Livro: A vida dos elfos
Título original: La vi des elfes
Autor (a): Muriel Barbery
Editora: Companhia das Letras
Páginas: 264
ISNB: 978-85-359-2647-7
Sinopse: Maria e Clara são jovens órfãs unidas por dons secretos. A chegada de Maria a uma granja na Borgonha traz prosperidade à terra, o que leva todos a acreditarem que a menina conversa com a natureza. Enquanto isso, Clara cresce numa aldeia perdida nos Abruzos, no sul da Itália, aprende italiano na "velocidade do milagre" e, depois de se revelar um prodígio no piano, é enviada a Roma para desenvolver sua veia musical. As duas garotas, cada uma à sua maneira, se comunicam com um mundo misterioso que garante à vida dos homens sua profundidade e beleza, mas ao mesmo tempo oferece uma ameaça grave contra nossa espécie. As sombras da guerra e do mal avançam, e só Maria e Clara poderão combatê-las, reinstaurando a paz. Mas elas ainda não compreendem os muitos enigmas que as envolvem. De onde vêm? O que as conecta?

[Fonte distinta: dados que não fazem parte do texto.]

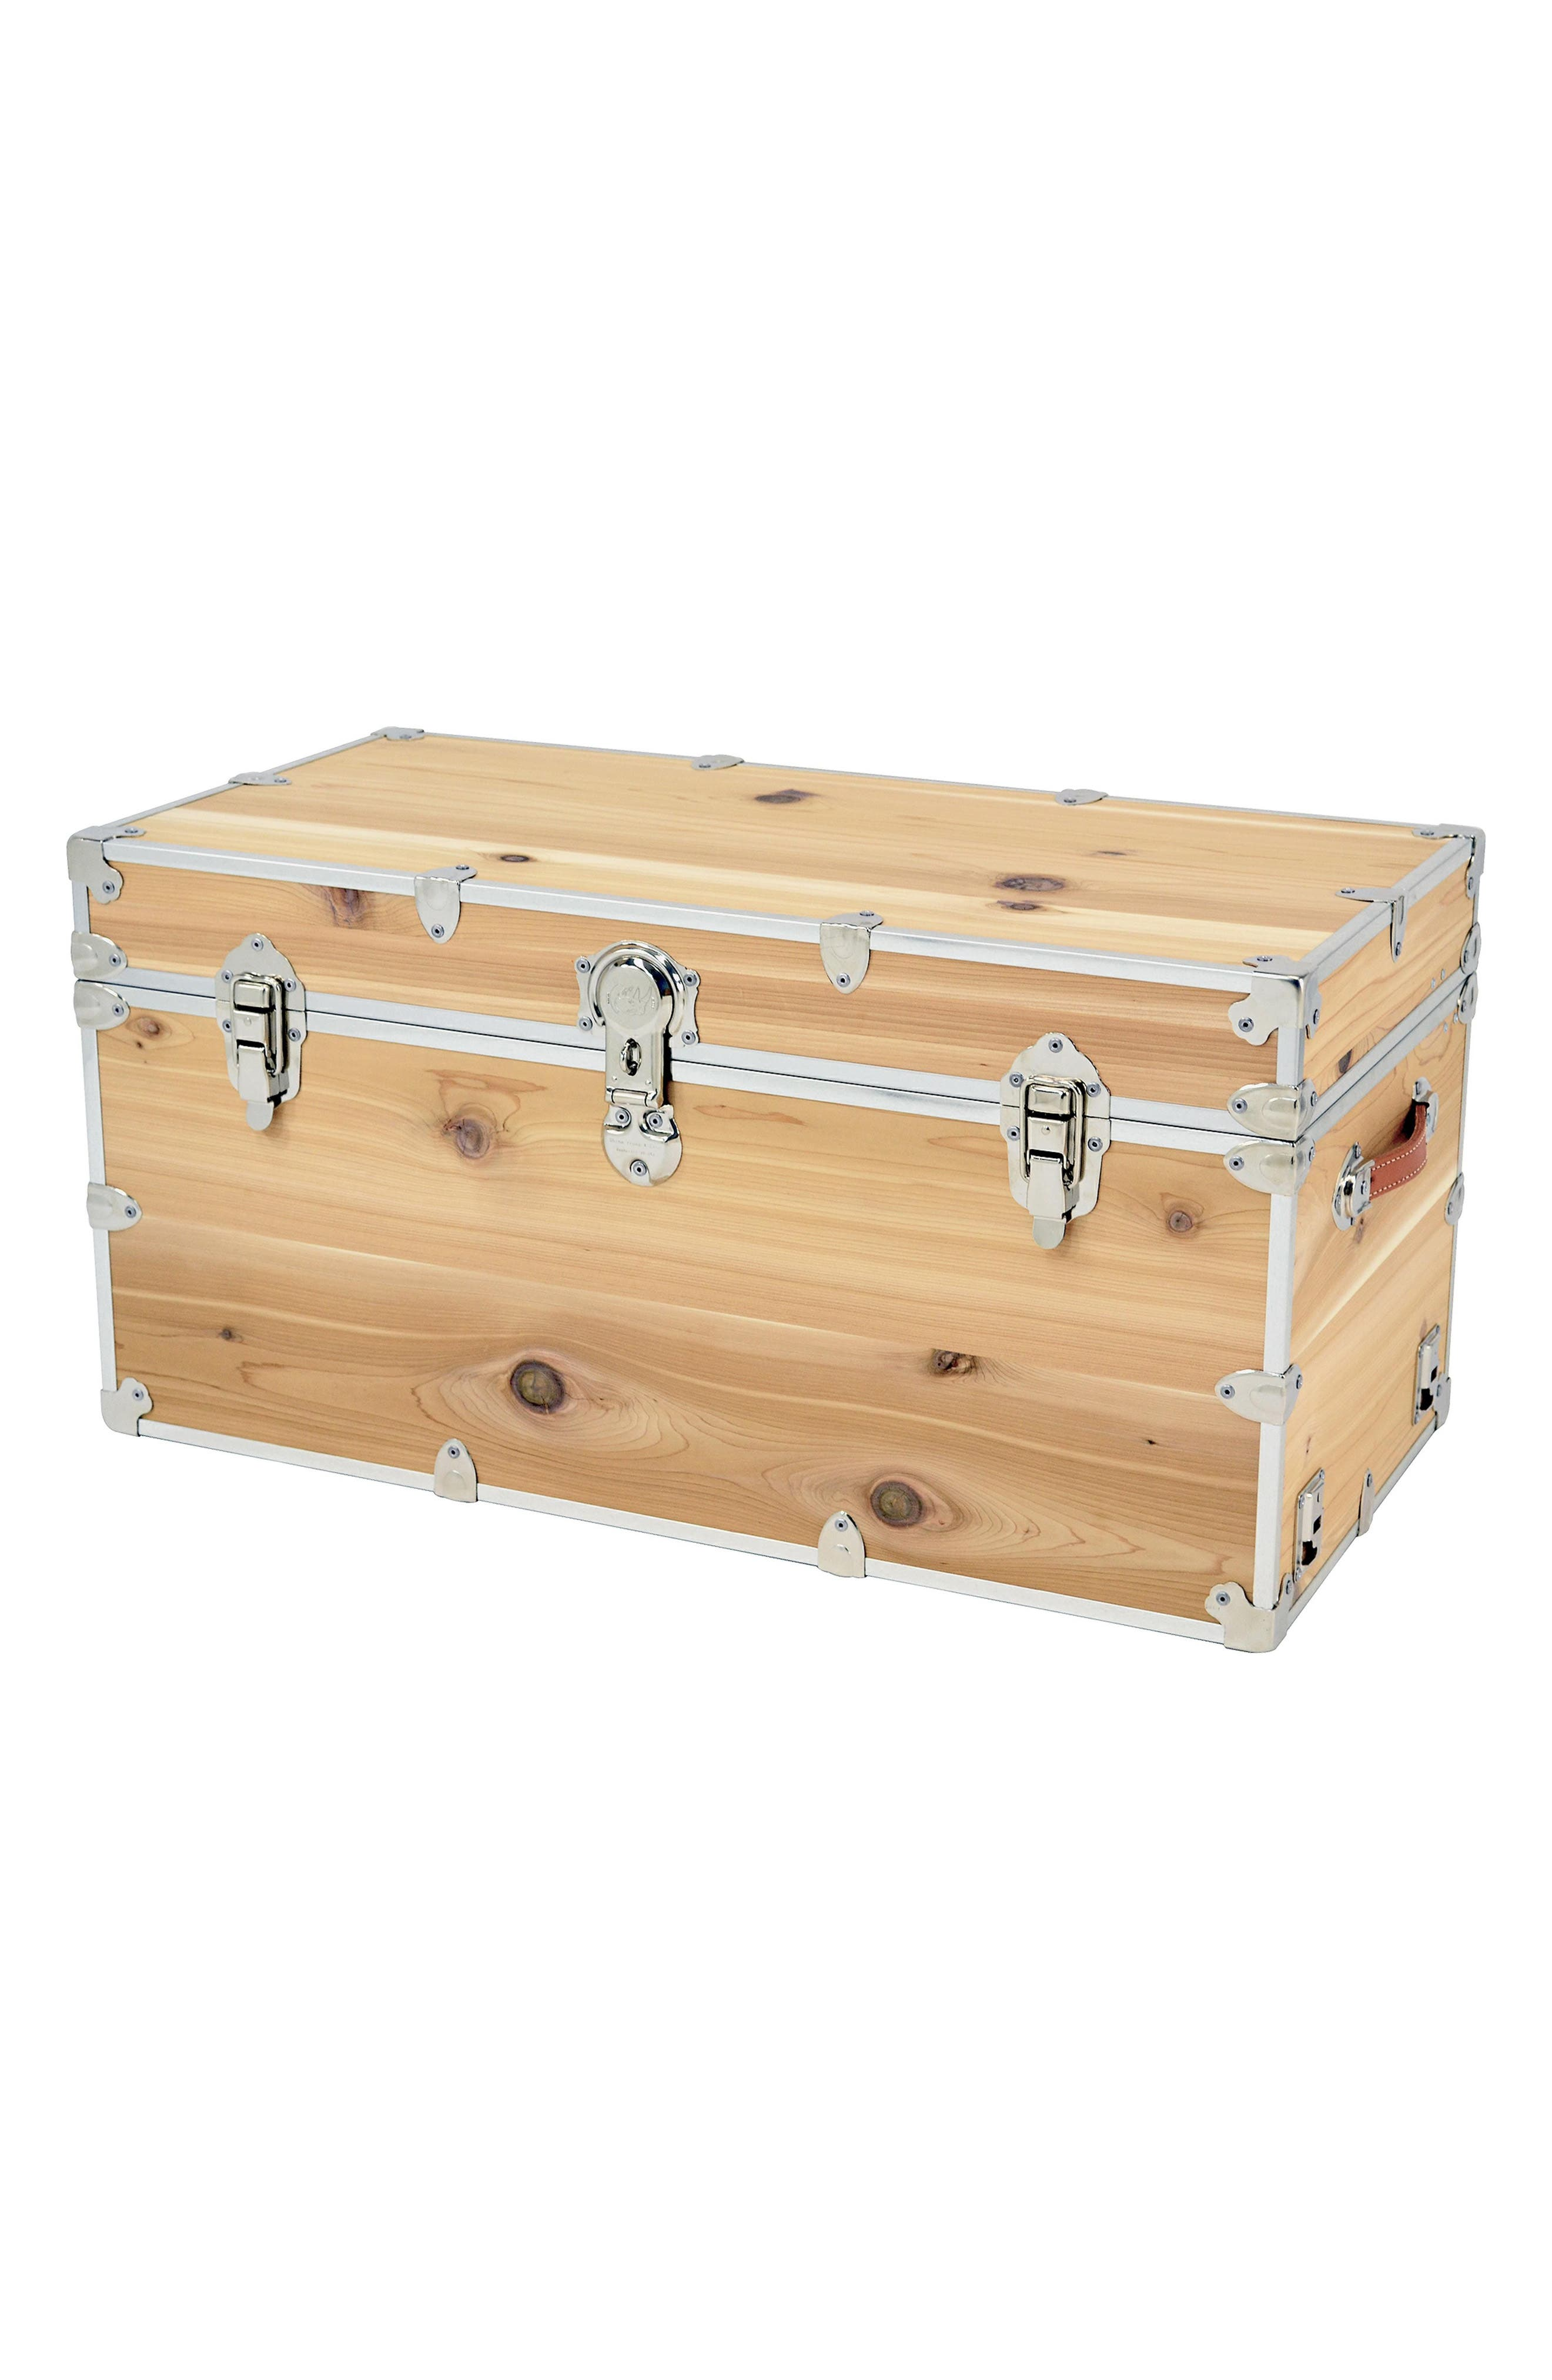 Rhino Trunk & Case XXL Knotty Cedar Cube Trunk,                             Main thumbnail 1, color,                             Wood

     Muriel Burbery nasceu na França, em 1969. Estreou na literatura com o romance A morte do gourmet, traduzido em doze línguas. Seu segundo livro, A elegância do ouriço, foi uma sensação mundial, com mais de 6 milhões de exemplares vendidos. Os dois publicados aqui no Brasil pela editora Companhia das letras. E haverá um segundo livro que dará continuidade a A vida dos elfos.

    Duas meninas, que ninguém sabe de onde vieram, aparecem, simultaneamente, em dois lugares diferentes, onde cumprirão diferentes missões, mas com uma mesma finalidade. Maria surge diante de uma granja no interior da Espanha, onde moram várias pessoas, que formam uma grande família, com laços muito mais fortes que os de sangue. E lá Maria é acolhida como um deles, ganhando um pai, uma mãe, avós e diversos amigos. Ela cresce num ambiente bucólico, afável, e especial, onde pode estar em constante contato com a natureza, levando para a região muita prosperidade nas colheitas, na caça, e em todas as outras atividades que os moradores dali praticam para sobreviverem.
    Já Clara foi deixada na porta de uma igrejinha interiorana na Itália. Crescendo na companhia de um padre e de sua empregada analfabeta que contava belas histórias, Clara se tornou alguém sensível a tudo, mas muito tímida e reservada. Amava ver as montanhas e as árvores ao redor da aldeia onde foi criada. Até que um dia, o irmão do padre, Alessandro, apareceu na igreja trazendo consigo um piano. E por esse piano, Clara se apaixonou. Sem precisar que ninguém lhe ensinasse a tocá-lo, se mostrou mais que um simples virtuose, tocando belas melodias como se tivesse anos de prática. Isso fez com que fosse levada à Roma por um amigo de Alessandro, Pietro, e lá ela conheceu pessoas que a fizeram conhecer a verdade sobre suas origens, e que se mostraram fieis amigos.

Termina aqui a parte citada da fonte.